I was learning with one of my favorite chavrusos last night (ok... all my chavrusos are my favorite, each in his own way), and he related an interesting event that gave me some insight about why we are so quick to offer food to Jews who don't make brachos.

He is a ba'al tshuva and one of his first interactions with Orthodox Jews was to have a whiskey taken out of his hand and poured down the sink.  What happened?  He was becoming more involved with an Orthodox girl (whom he later married) and went to meet her family.  They offered him a l'chaim, to which he readily agreed.  (Besides being enough of a whiskey fan to have gone on a tour or bourbon distilleries, meeting the girl's family is always a good time for a drink!)   He had the shot poured and sitting in front of him.  Suddenly, someone exclaimed, "Wait!  That's the bottle from Aunt SuzyQ and she didn't sell it before pesach!"  The glass was snatched away and he looked on (more than a little nonplussed)  as that and the rest of the bottle was poured down the sink.

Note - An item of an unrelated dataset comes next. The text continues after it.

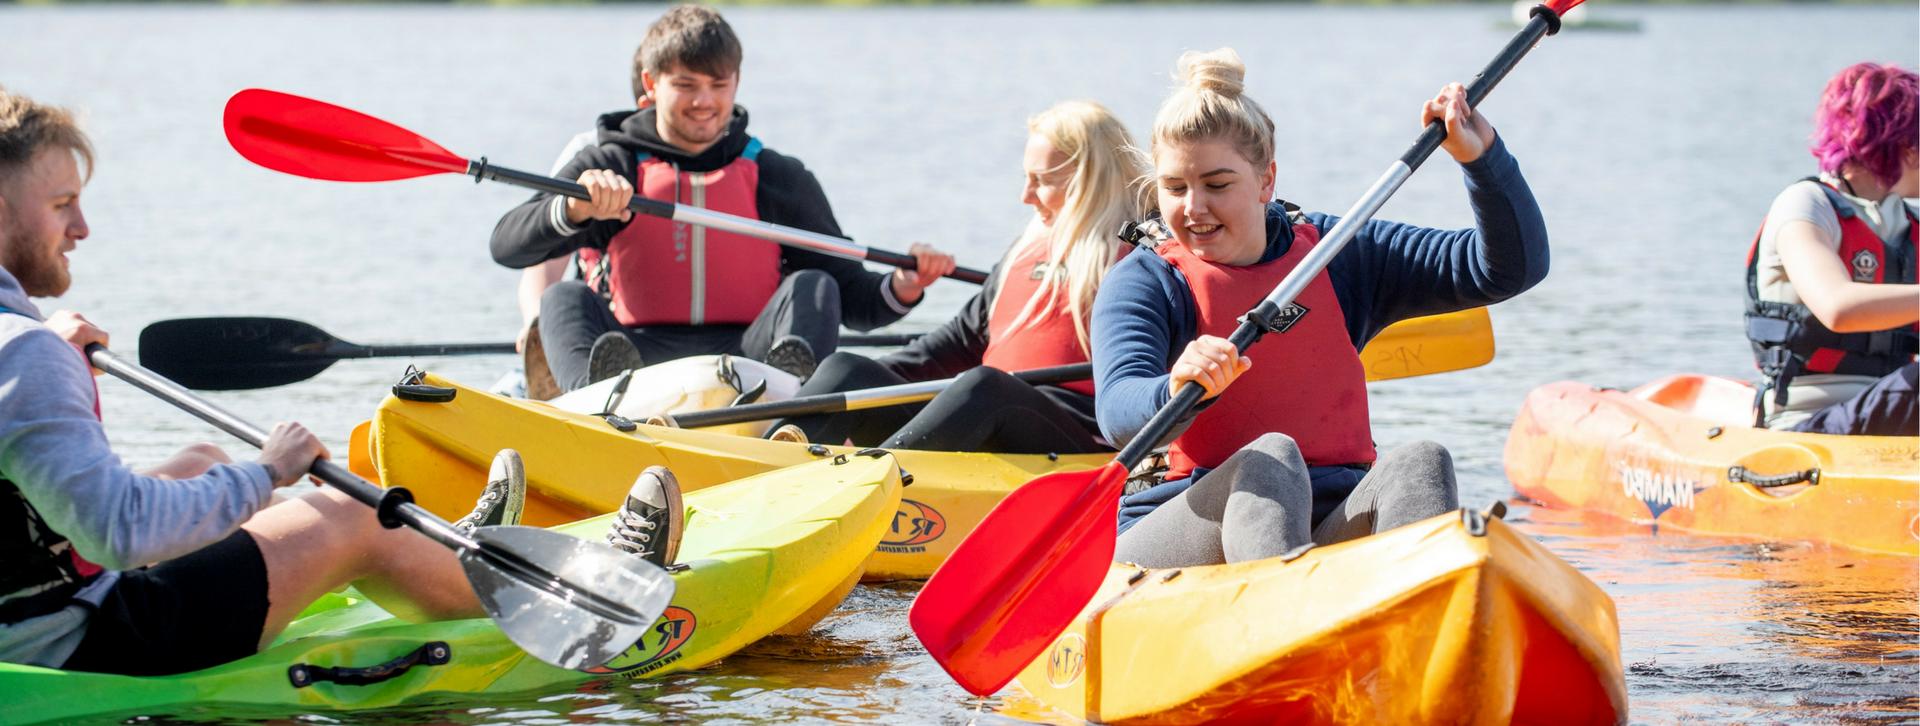 Tarmac team canoeing

I think we all would have done the same thing.  Chameitz sh'avar alav pesach is a serious issur and we all recognize that.  So... lets think about all those excuses we use to permit ourselves offering food to a Jew who doesn't make brachos:
  • What will he think of Orthodox Jews if I don't offer something to eat or drink?
  • It's only rabbinic.
  • He doesn't know about brachos and/or doesn't believe in them.
  • At least he's eating kosher food.
  • and so on...
All those excuses apply equally well to my friend's situation.  Yet, we all agree that you can't offer a non-frum Jew chameitz sh'avar alav pesach.  It seems to me the issue is not with our non-frum guests.  It is with us.  We don't appreciate how important brachos are and how really bad it is not to make them.  By the way, the Avudraham says that since the Torah HaK'dosha tells us directly to bentch after eating (the one bracha everyone agrees is d'oraisa), that is is a logical conclusion that all the more so one must make a bracha before eating!  So, yes, making the brachos with the nusach we have is d'rabanan, but the fact that one must make a bracha before may be d'oraisa.

R' Shlomo Zalman Auerbach, z"tzl, was certainly not meikel in his ahavas yisrael.  In fact, one could argue it was precisely because of his abounding love for all Jews coupled with his deep understanding of how awful it is for a Jew to eat with out making brachos that led him to be machmir in this area.  I am thinking we could all improve in both areas.  Have I mentioned the importance of learning mussar?